Sometimes we believe that day will never come.  It sounds great, but naïve and unrealistic.  And then, every once in a great while, we get a glimpse of those who already live in that reality, what some of us might call the Kingdom of God.

One of those people for me is Ray S.  Ray is our denomination’s consultant on refugees and immigrants, but more importantly, Ray is one who loves Jesus, a person with covenant inscribed on his heart. 

Ray was with us just last year.  You have heard his stories.  You know that he meets people all over the world, people who are caught up in systems that seem to want to punish them for simply wanting to live their lives, people who suffer because of racism and xenophobia, who are suffering the consequences of failed immigration policies held over from previous generations. 

Ray meets people in all kinds of circumstances. He establishes relationships and stays in touch with them. I’m talking about 100’s of people that he cares for.

In November 2018, he met a family in Mexico City, one of the thousands of migrants in a caravan who were trying to reach asylum in the USA.  They were deported back to Honduras last year. He stayed in touch.  Last month, they lost their son to gang violence because they couldn’t pay the demanded extortion.

Last year, while in Tijuana, he met a young man from Russia.  Nancy and Richard were there at the time of that meeting.  “Alexander” (not his real name) is a pro-democracy activist who had to flee from government persecution in his homeland. He is seeking asylum and safety in the USA.  He was able to cross the border from Tijuana in January and then spent 7 months in an ICE prison. His case was re-set several times causing great despair.   Ray was in contact, encouraging him, all that time.

Remember that Ray only met Alexander through a what seemed like a chance encounter.  But on the strength of that meeting, Ray agreed to be Alexander’s sponsor.  He is actually also sponsoring others in ICE prisons right now.   
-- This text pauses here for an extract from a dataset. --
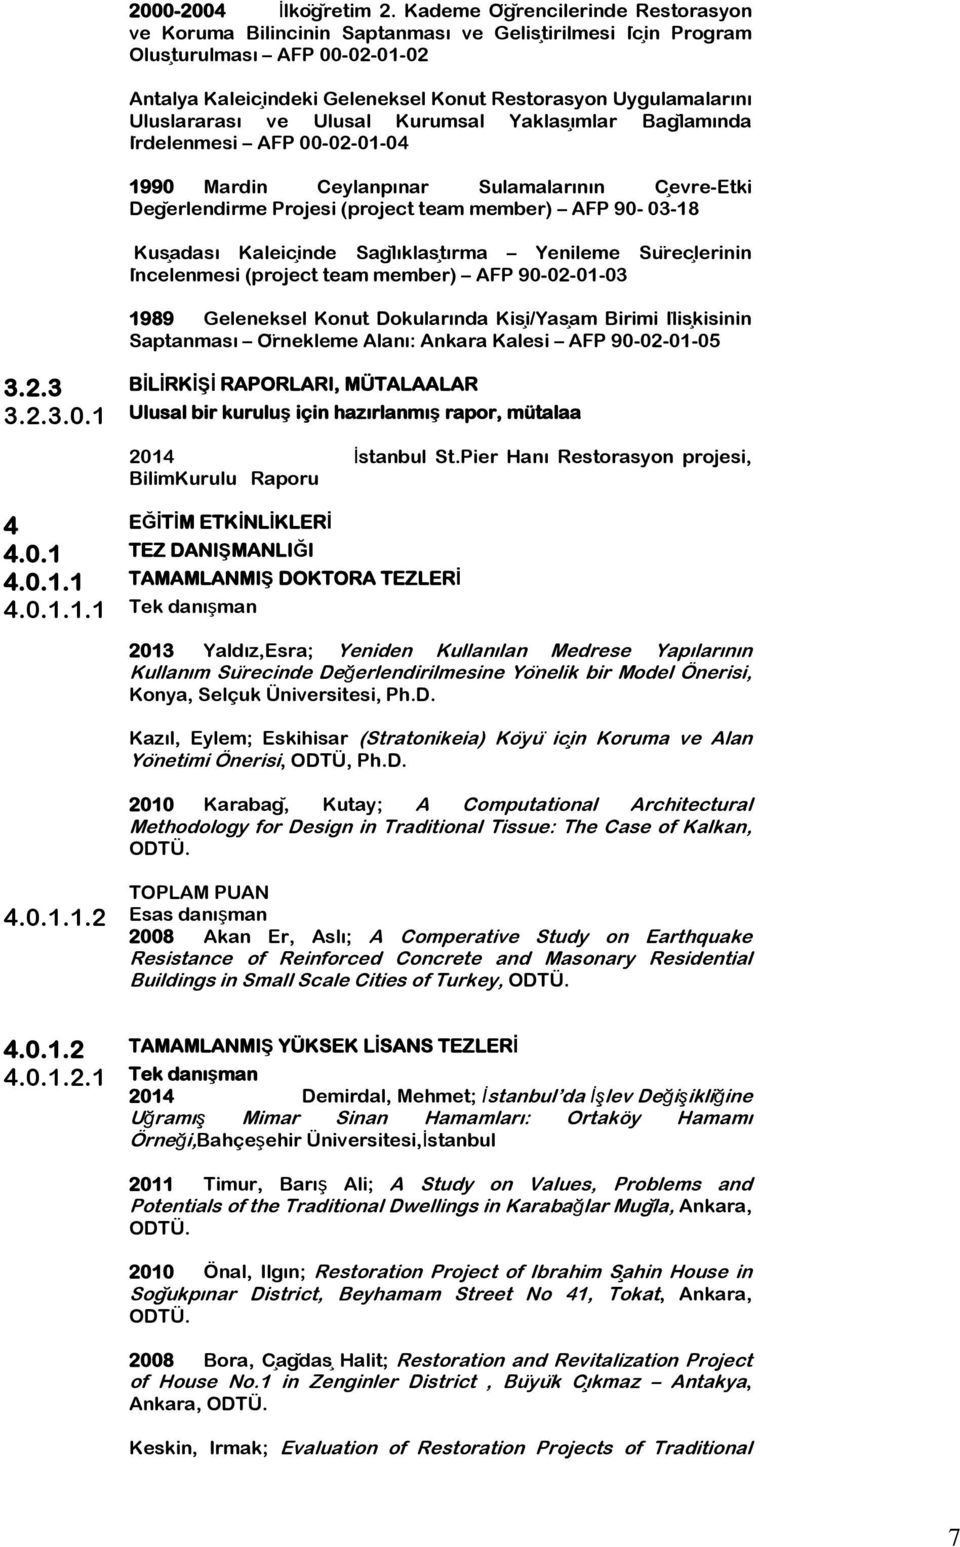 Uluslararası ve Ulusal Kurumsal Yaklasımlar Baglamında Irdelenmesi AFP 00-02-01-04 1990 Mardin Ceylanpınar Sulamalarının Cevre-Etki Degerlendirme Projesi (project team member) AFP 90-03-18 Kusadası

In September, ICE dropped Alexander on the streets of San Diego, after Ray posted the $10,000 bond.  There, kind volunteers met him and put him into a hotel for the night.  They made sure he had everything he needed. The next day, they took him to the airport and accompanied him all the way to his gate for his flight to Philadelphia.  He is now living with Ray and Adalia for the foreseeable future as he pursues his asylum request. In his first week out of detention, they went kayaking.  Alexander, who wants to become a US citizen, was delighted with the appearance of a bald eagle that soared above and perched nearby, a symbol of hope.

Ray and Adalia work for International Ministries, but it is not an expectation of their jobs that they sponsor asylees, that they take strangers into their homes and care for them.  They do it because they inhabit the kingdom of God. They do it because they know the heart of Jesus.

Friends, this is the mystery to which you and I are invited – to know the heart of Jesus, to live into the covenant inscribed on our hearts, to make our own limited and flawed and very conditional love the gateway for the unlimited and unconditional love of God.  May it be so for you and for me. Amen.

 

[1] https://youtu.be/a0UqioyLBD0

[2] Walter Brueggemann, “The Gift of a New Chance” in The Collected Sermons of Walter Brueggemann, Vol 1 (Louisville:  Westminster John Knox, 2011), p. 353.